▶ Task to complete
Output the listing word for word, minus pictures.

▶ Data

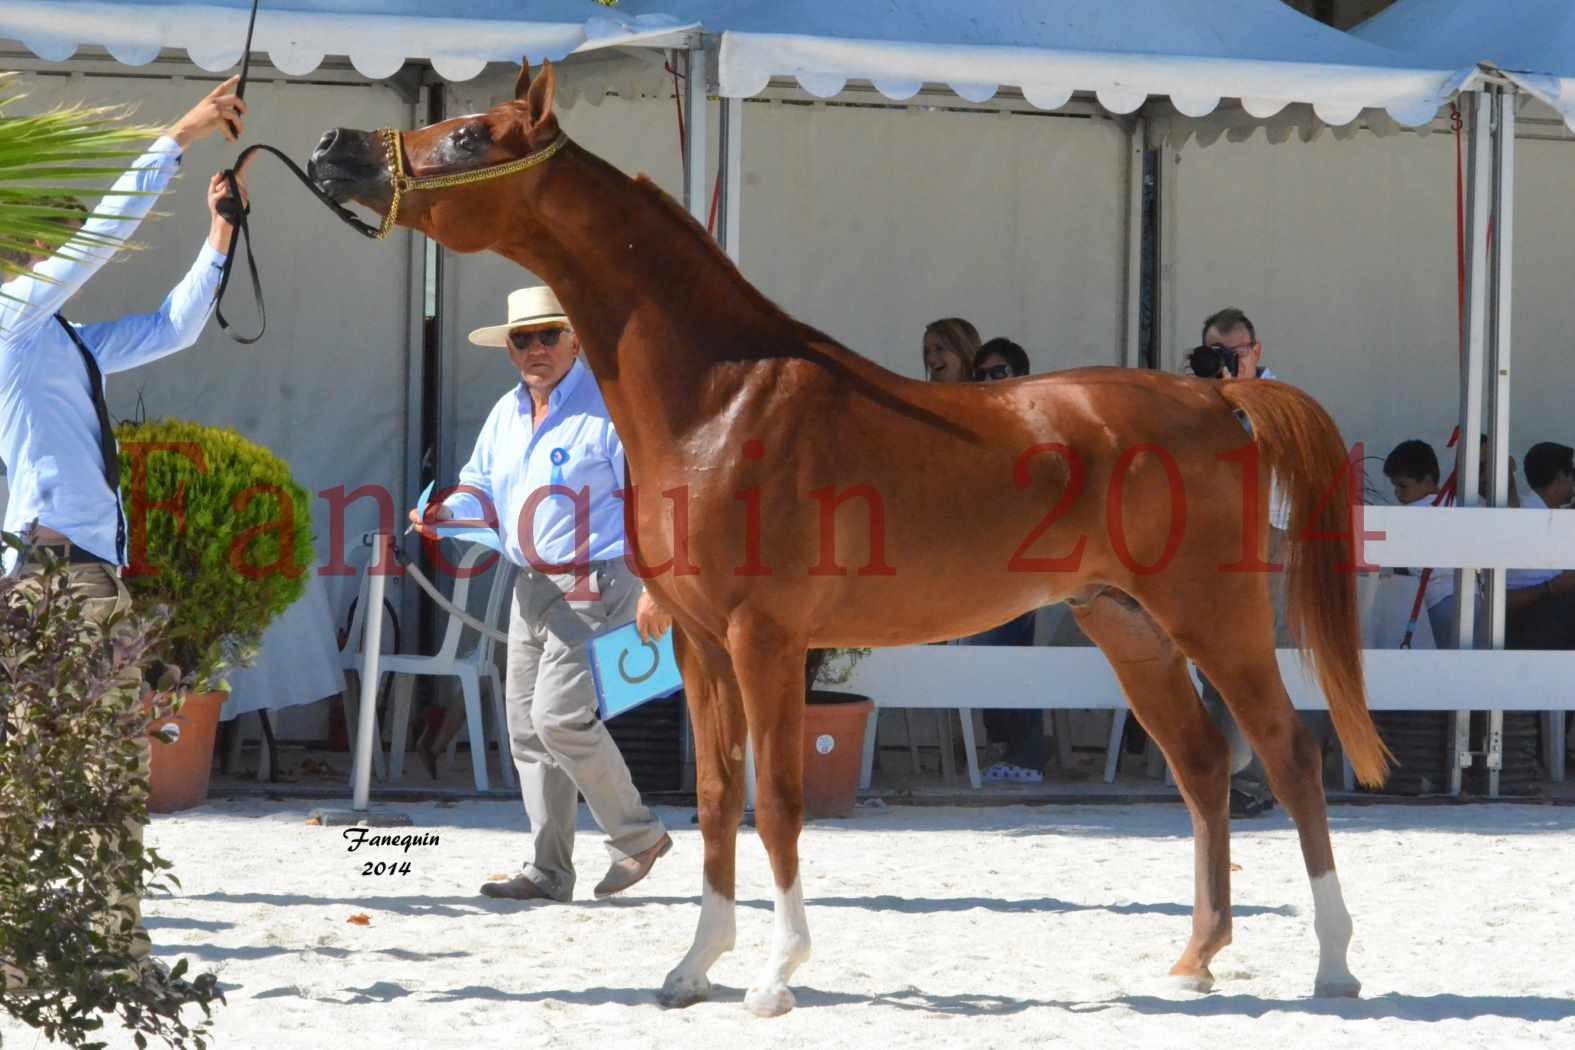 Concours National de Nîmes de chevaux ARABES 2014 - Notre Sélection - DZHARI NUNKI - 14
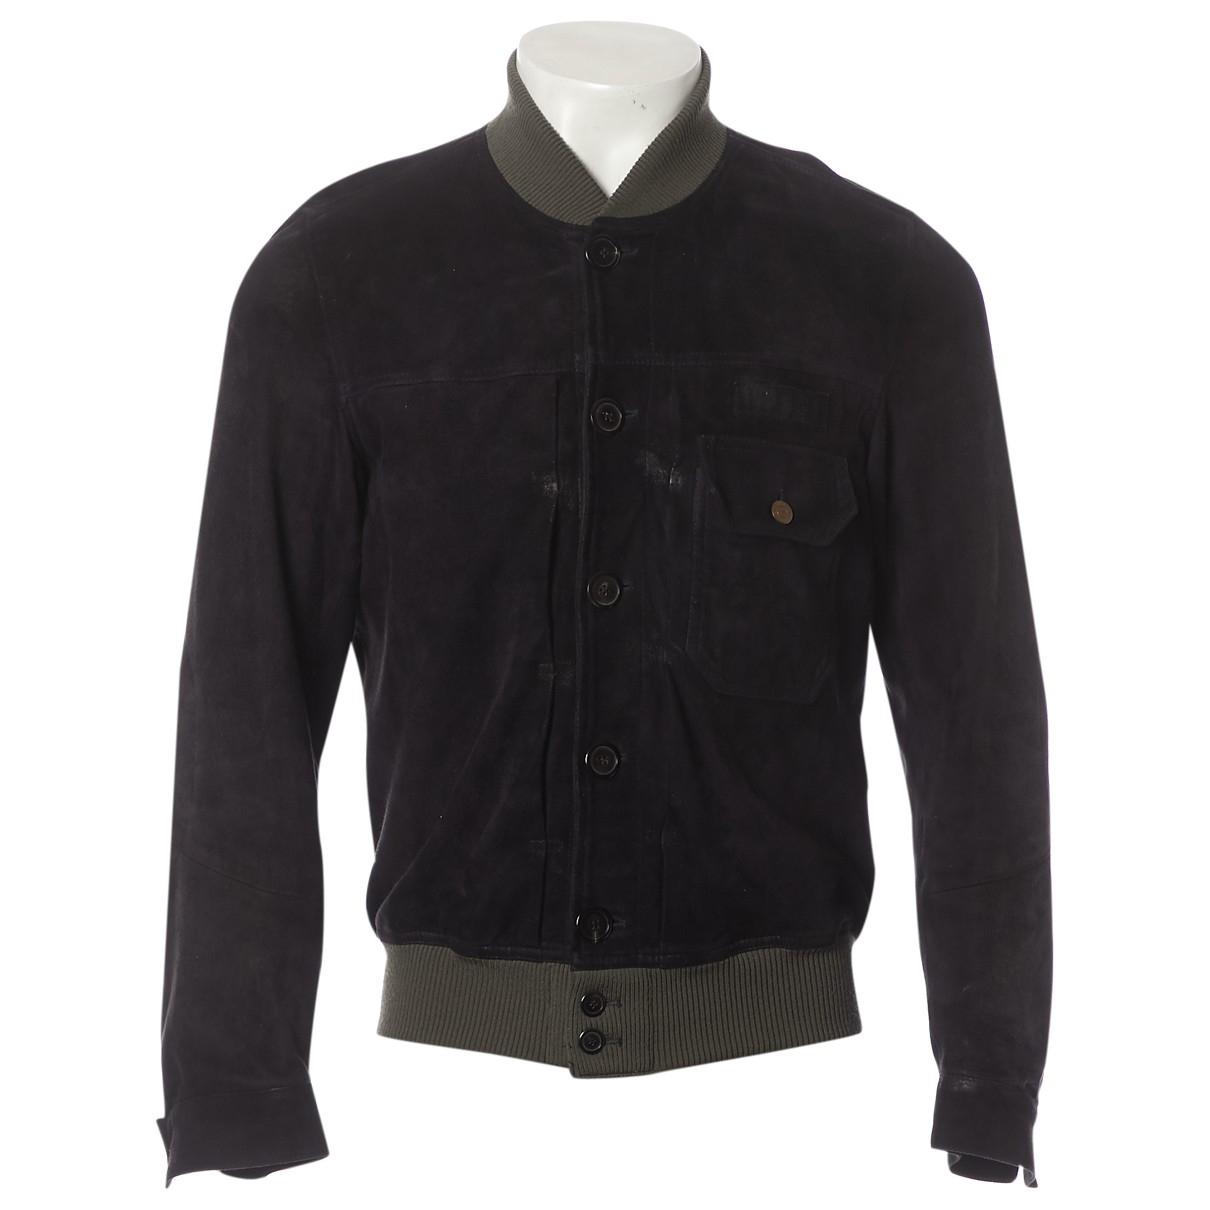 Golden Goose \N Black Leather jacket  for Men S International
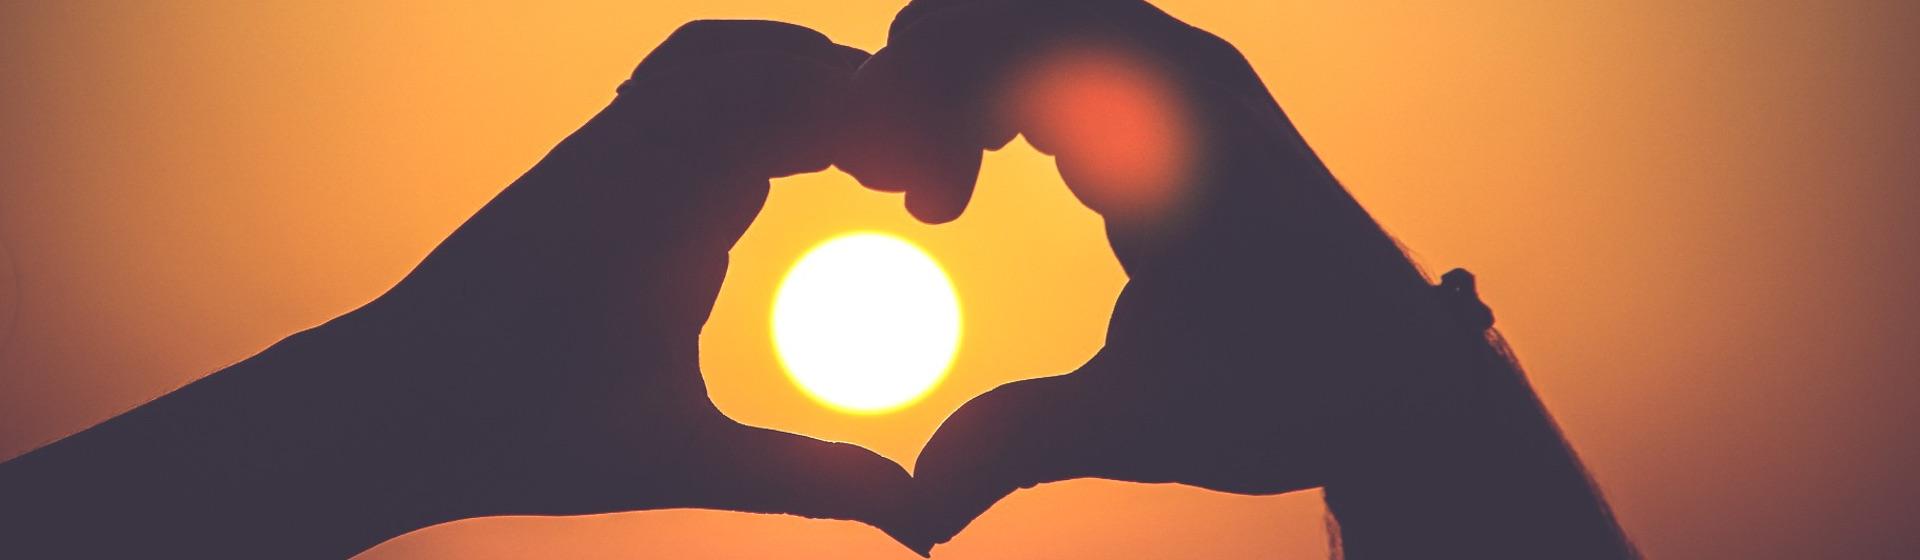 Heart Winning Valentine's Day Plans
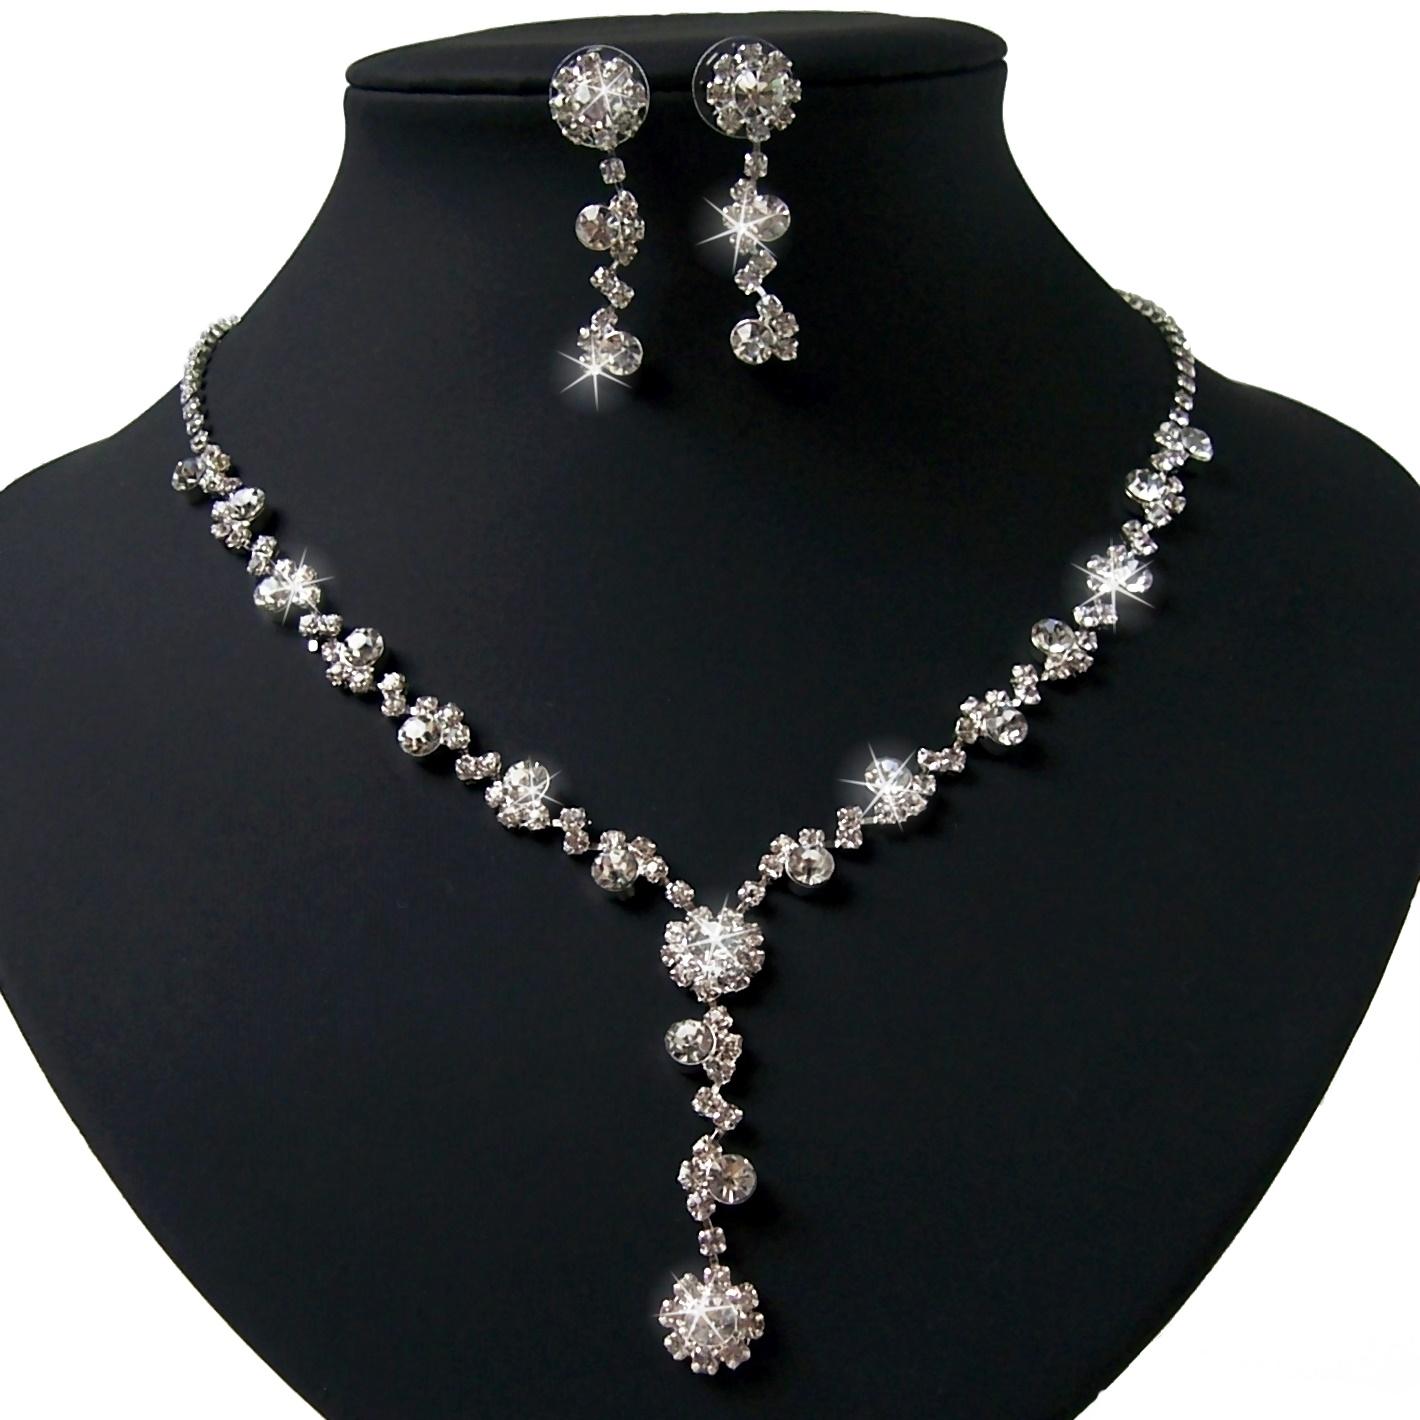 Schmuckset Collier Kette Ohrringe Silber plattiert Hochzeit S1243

▶ Answer area
 Concours National de Nîmes de chevaux ARABES 2014 - Notre Sélection - DZHARI NUNKI - 14
 Golden Goose \N Black Leather jacket  for Men S International
 Heart Winning Valentine's Day Plans
 Schmuckset Collier Kette Ohrringe Silber plattiert Hochzeit S1243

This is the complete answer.